Additional regulation for laboratory-developed tests has been sought since 2006, but has been met with opposition by product makers and labs that deem FDA rules unnecessary, since labs already go through a regulatory process overseen by the CMS under the Clinical Laboratory Improvement Amendments of 1988.

“It's very duplicative of the regulation that we're already under with CLIA,” said Alan Mertz, president of the American Clinical Laboratory Association, an industry trade group based in Washington, D.C. “It doesn't really eliminate and replace many of the requirements that we already go through.”

Mertz said he felt the added FDA regulation would be a cumbersome process for those labs that develop tests, since they would be required under the proposed rule to register as a device maker with the FDA, while also adhering to regulatory requirements set forth by CLIA.

“It could really stifle innovation,” Mertz said. “The prospect of putting these tests through this process might chill innovation if labs make the decision to either not create the test in the first place, or not to continue to offer it.”

Some companies do voluntarily seek FDA approval for their tests, and thereby compete with products that have not undergone the same types of review and study to support their claims for use, according to the agency.
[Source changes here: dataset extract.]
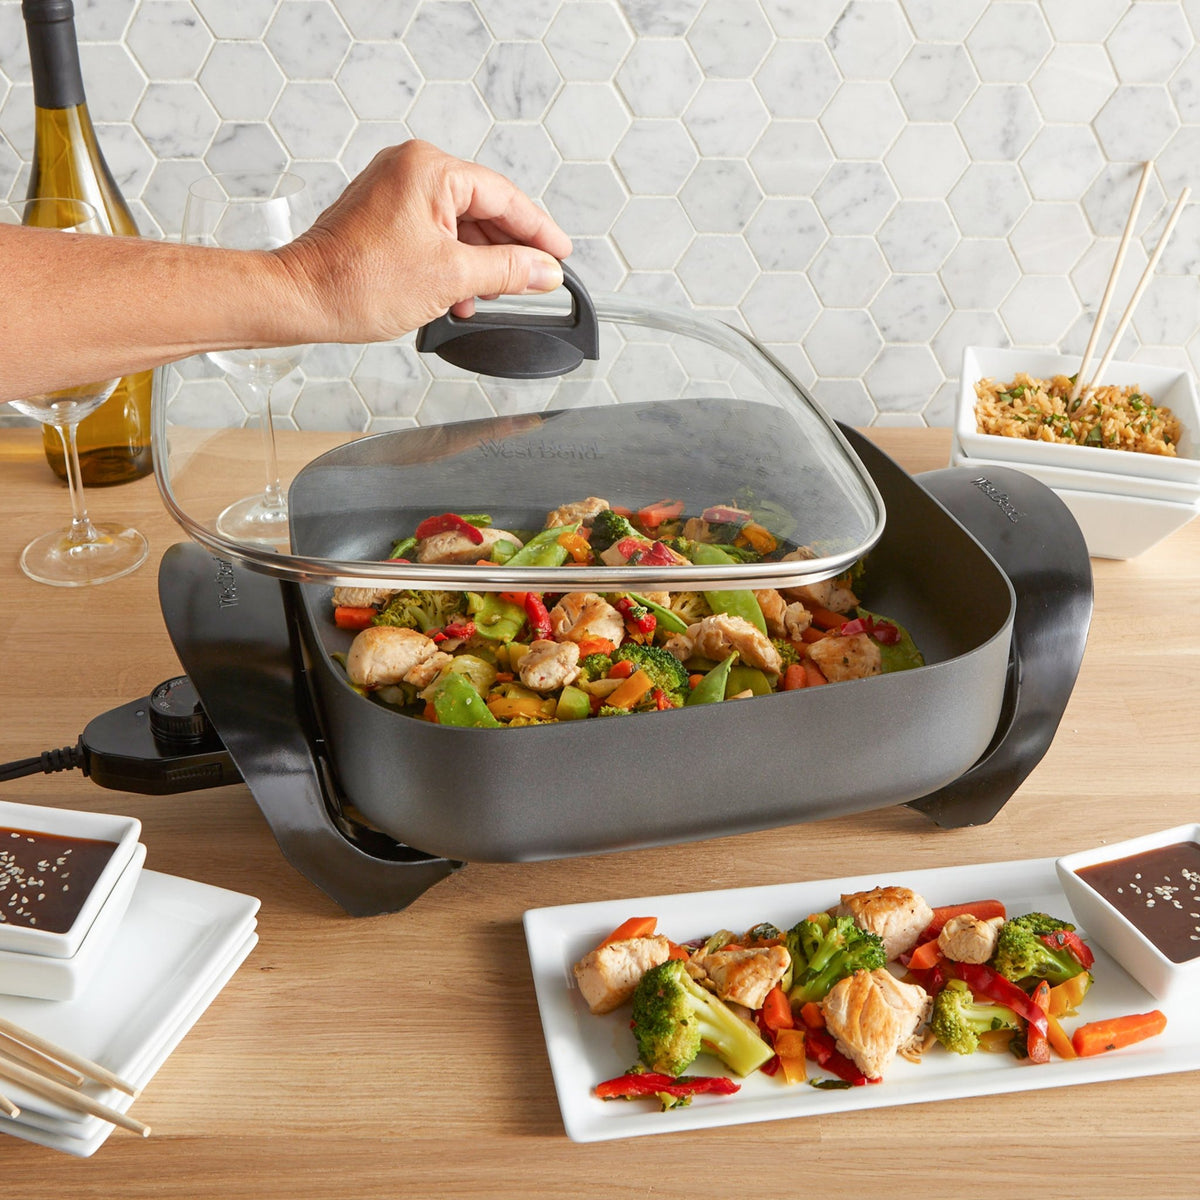 West Bend 12-Inch Family-Sized Electric Skillet with Diamond
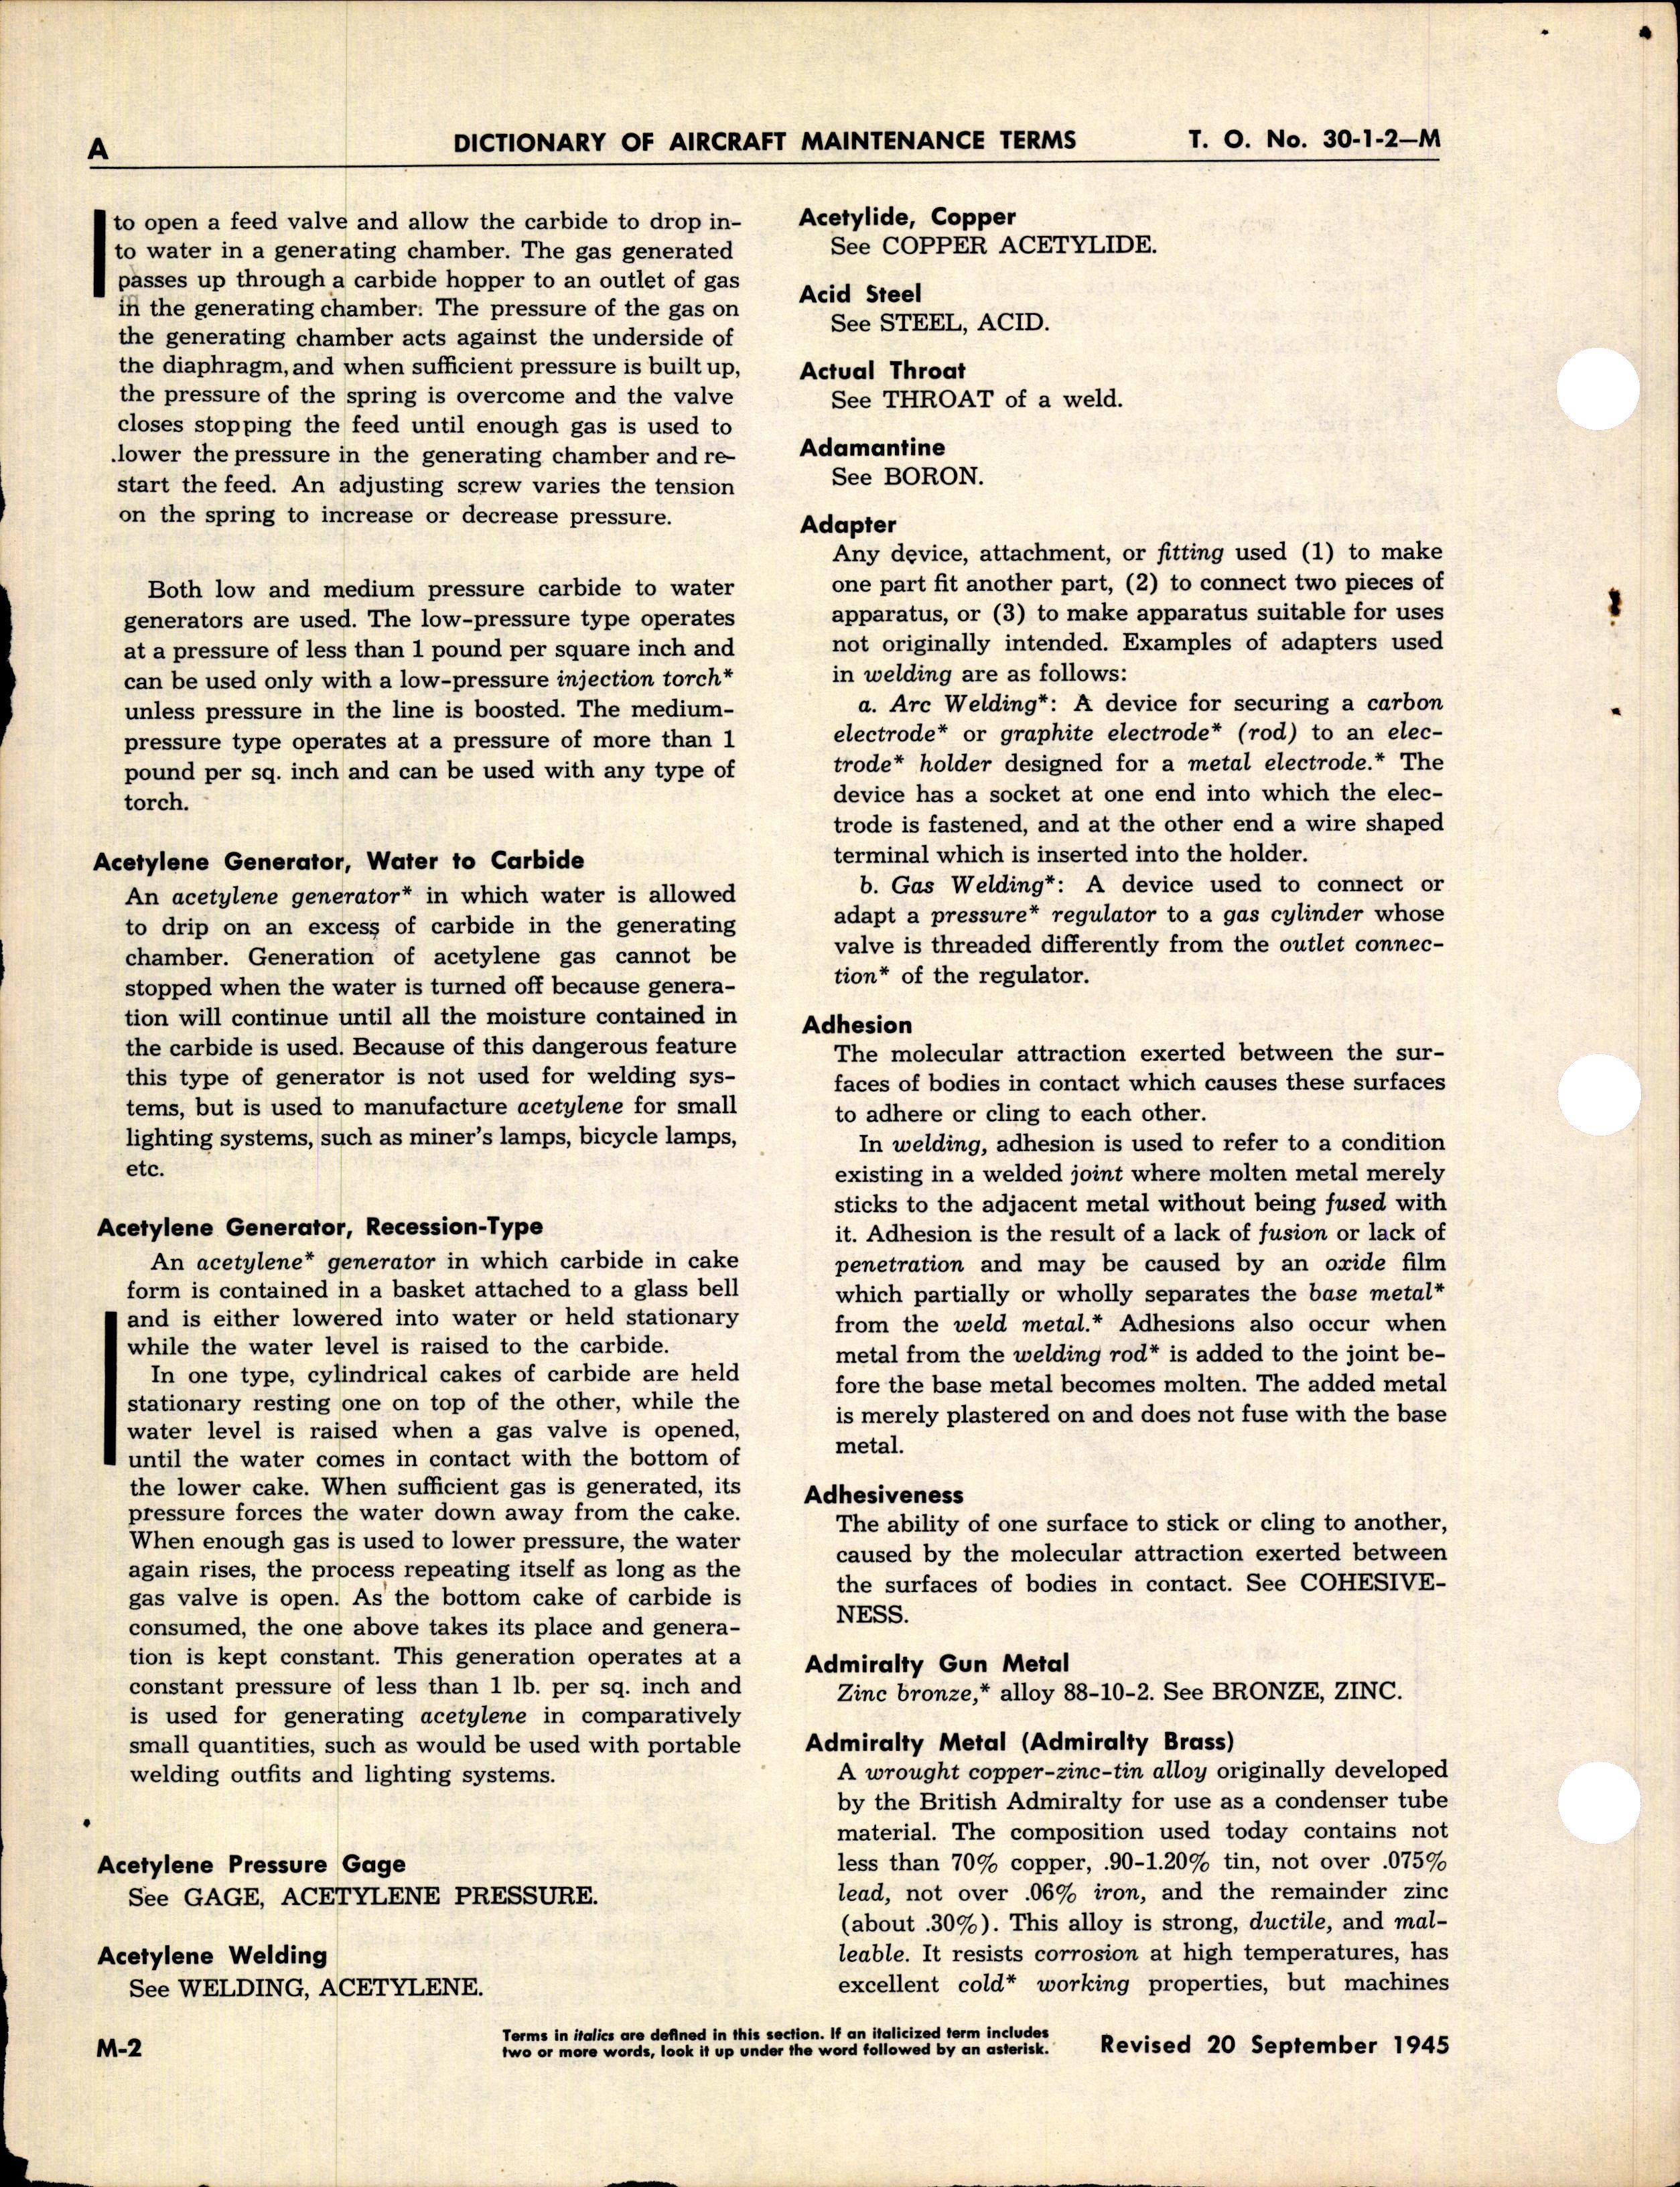 Sample page 8 from AirCorps Library document: Dictionary of Aircraft Maintenance Terms (Section M - Welding, Forging, and Casting Section)

The proposed guidance would be for higher-risk tests that have the same intended use as those that have already received FDA approval. Lower-risk tests, those for rare diseases, and ones for which there are no comparable FDA-approved tests would be excluded from oversight.

Those who support FDA regulations for such laboratory-developed tests say claims that FDA oversight would negatively impact innovation have been overblown, arguing that such oversight is needed to lessen the risk of providing unnecessary treatments to patients because a test gave a false positive result.

“What we all struggle with is the balance between innovation and knowing that that innovation is clinically valid,” said Elissa Passiment, executive vice president for the American Society for Clinical Science, a Virginia-based group that advocates for safe and cost-effective laboratory services. “That is difficult when a laboratory develops a test and starts to market it and there's no data that tell you whether or not that test does what it says it does.”

The letter sent to Congress Thursday provided lawmakers with 60 days notice before the FDA publishes its proposed guidance for public comment.